You may think disposable gloves don’t require much thought. But they are used to protect our hands and therefore may need to meet thickness, finish, barrier protection, tensile strength, elasticity and puncture resistance requirements. Choosing the right disposable glove is not as simple as buying at the lowest price. Consideration must be given to the glove material and properties; tasks to be performed; comfort and fit; and cost.
Natural rubber latex, nitrile and vinyl are the most widely used disposable glove materials. Each material has features that make it ideal for specific applications.
Natural rubber latex is a processed plant product. Latex gloves offer reliable barrier protection, consistent fit and flexibility. They are a popular choice for both industrial and medical use.
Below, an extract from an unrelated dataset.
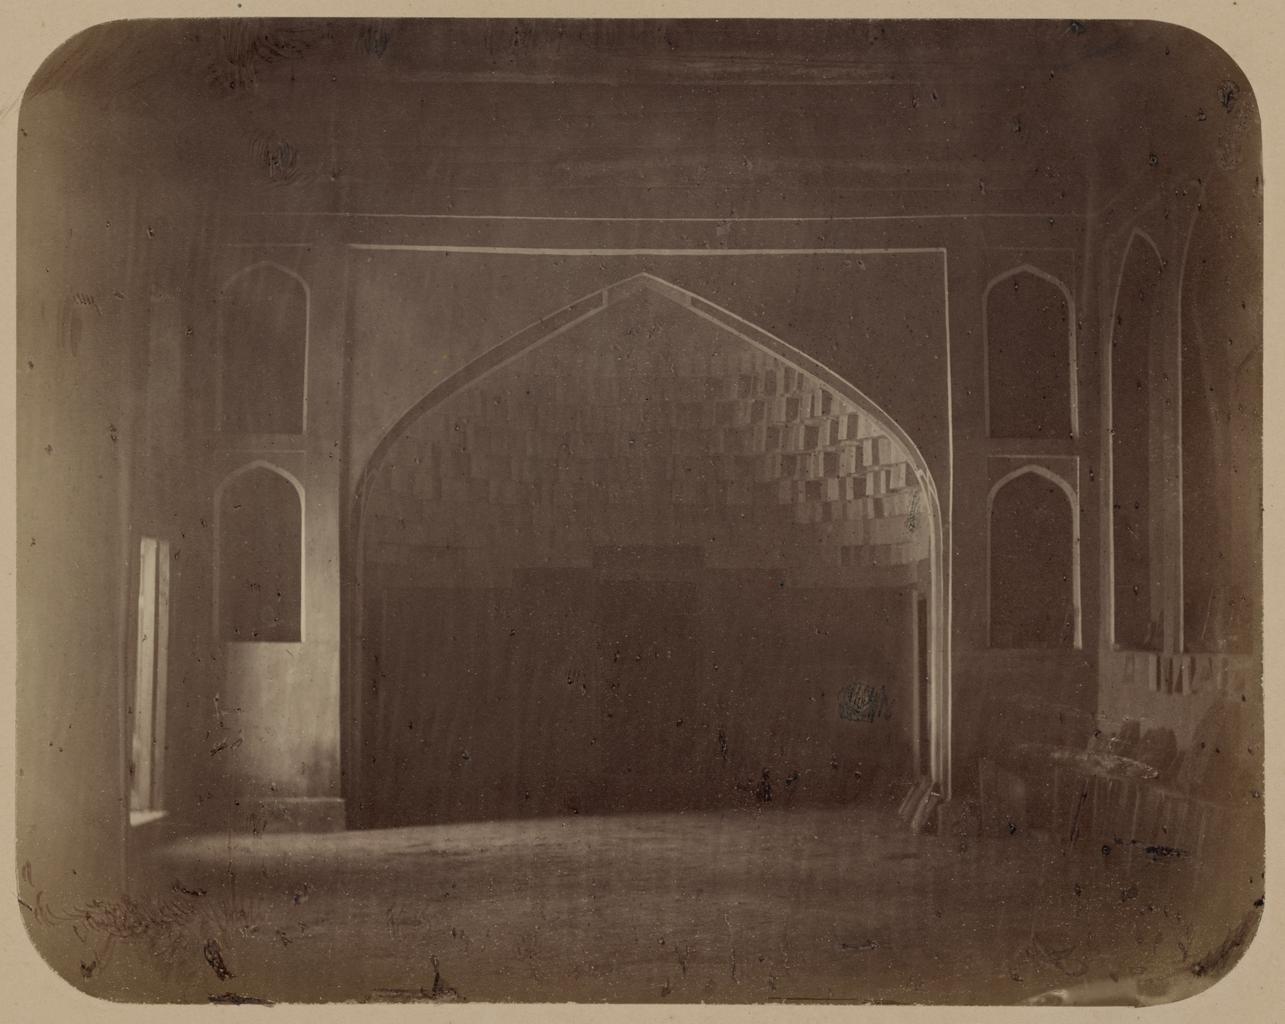 Дворец бухарских эмиров «Кок Таш». Арка в приемную залу

A disadvantage of latex is the potential for latex allergy reactions ranging from skin irritation to anaphylaxis, a potentially life-threatening condition. See Quick Tips #126 for more detailed information on latex allergies. Manufacturers have been working to develop low-protein latex that would lessen the latex allergy possibility. When allergies are not a concern, latex offers a slight comfort and dexterity advantage over nitrile and vinyl.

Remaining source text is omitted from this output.